This repository contains the code for reproducing the experiments from the paper:
- Keyphrase Generation for Scientific Document Retrieval. Florian Boudin, Ygor Gallina, Akiko Aizawa. Association for Computational Linguistics (ACL), 2020.
Here, we use the NTCIR-2 ad-hoc monolingual (English) IR test collection. The test collection contains 322,058 documents, 49 search topics and relevance judgments.
|-- data
|-- docs
|-- ntc1.e1.gz // NTCIR-1 (#187,080) collection converted with ACCN-e.pl
|-- ntc2-e1g.gz // NTCIR-2 (#77,433) NACSIS Academic Conference Papers Database
|-- ntc2-e1k.gz // NTCIR-2 (#57,545) NACSIS Grant-in-Aid Scientific Research Database
|-- rels
|-- rel1_ntc2-e2_0101-0149 // judgments for relevant documents
|-- rel2_ntc2-e2_0101-0149 // judgments for partially relevant documents
|-- topics
|-- topic-e0101-0149 // English topics for NTCIR-2
Here, we use the open-source information retrieval toolkit anserini which is built on Lucene. Below are the installation steps for a mac computer (tested on OSX 10.14) based on their colab demo.
# install maven
brew cask install adoptopenjdk
brew install maven
# cloning / installing anserini
git clone https://github.com/castorini/anserini.git --recurse-submodules
cd anserini/
# changing jacoco from 0.8.2 to 0.8.3 in pom.xml to build correctly
mvn clean package appassembler:assemble
# compile evaluation tools and other scripts
cd tools/eval && tar xvfz trec_eval.9.0.4.tar.gz && cd trec_eval.9.0.4 && make && cd ../../..
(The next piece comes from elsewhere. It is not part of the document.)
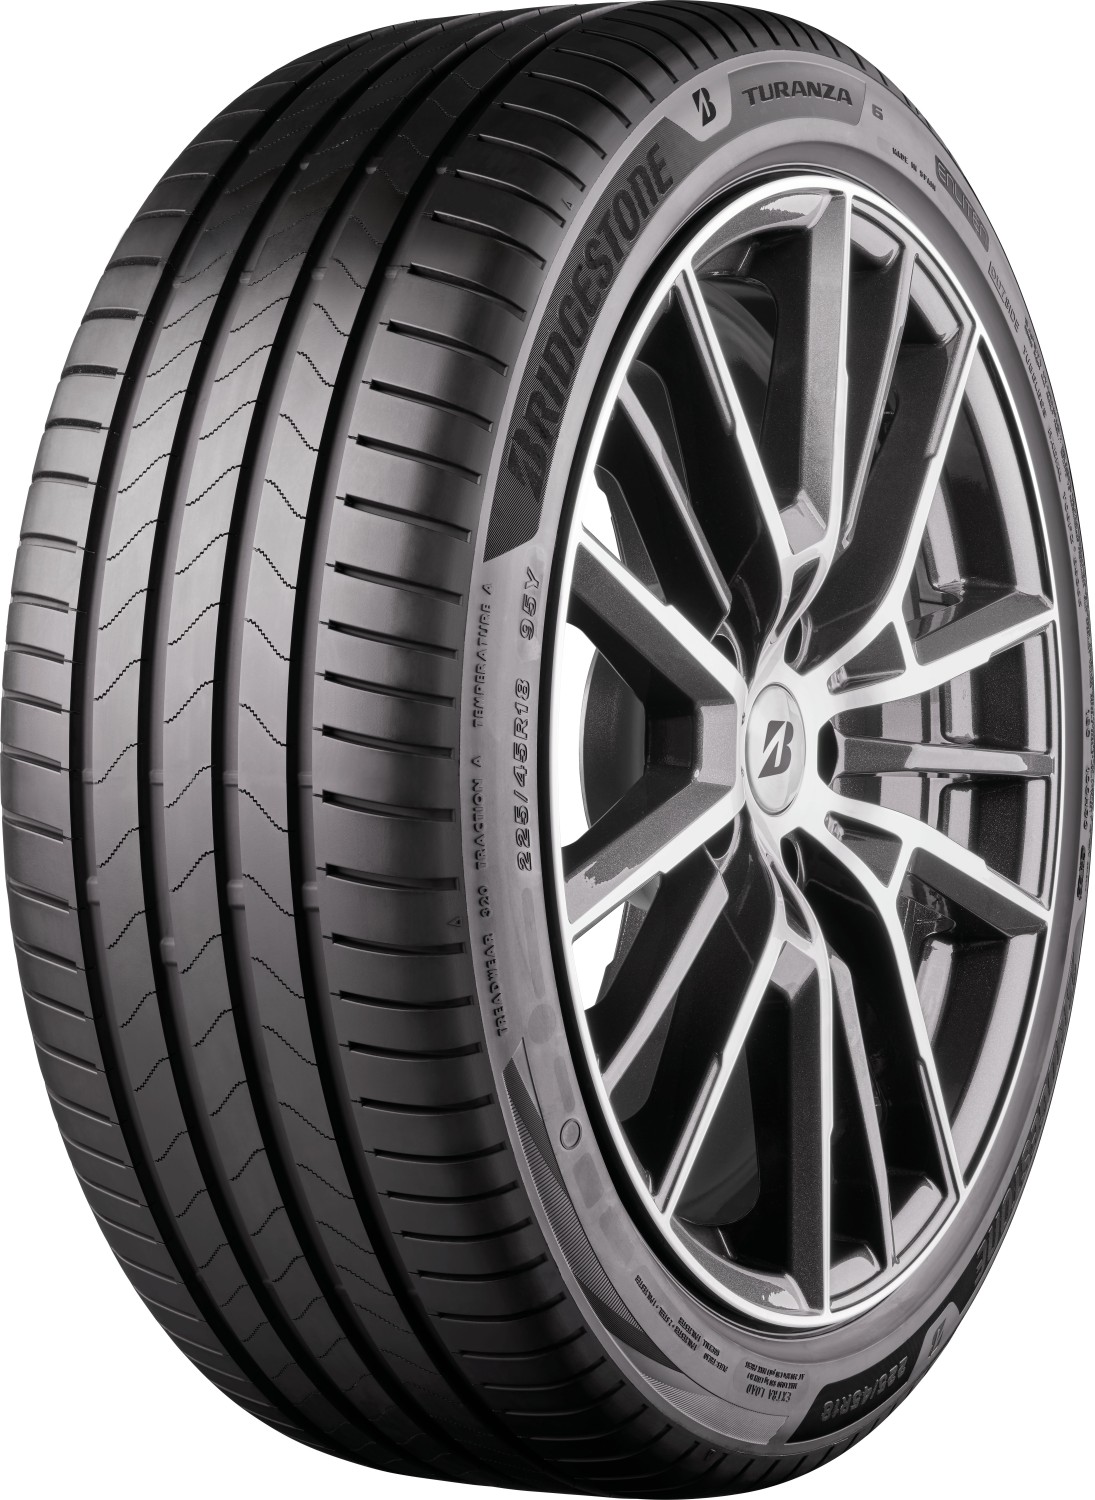 Автомобилни гуми BRIDGESTONE TURANZA 6 XL MERCEDES FP 245/45 R19 102Y

cd tools/eval/ndeval && make && cd ../../..
First, we convert NTCIR SGML formatted documents to TREC format for easier indexing.
From
<REC>
<ACCN>...</ACCN> // doc_id
<TITE>...</TITE> or <PJNE>...</PJNE> // Title
<AUPE>...</AUPE> // Authors
<CNFE>...</CNFE> // Conference name
<CNFD>...</CNFD> // Conference date
<ABSE> // Abstract
<ABSE.P>...</ABSE.P> // paragraph
</ABSE>
<KYWE>...</KYWE> // Keywords
<SOCE>...</SOCE> // Host society
</REC>
to
<DOC>
<DOCNO>...</DOCNO> // doc_id
<TITLE>...</TITLE> // title
<TEXT>...</TEXT> // abstract
<HEAD>...</HEAD> // keywords (optional)
</DOC>
by doing:
sh src/0_create_data.sh
Some statistics about the generated data:
ntc1-e1: 187,080 documents, 185,061 with keywords
ntc2-e1g: 77,433 documents, 75,081 with keywords
ntc2-e1k: 57,545 documents, 57,443 with keywords
all 322,058 documents, 317,585 with keywords (98.6%)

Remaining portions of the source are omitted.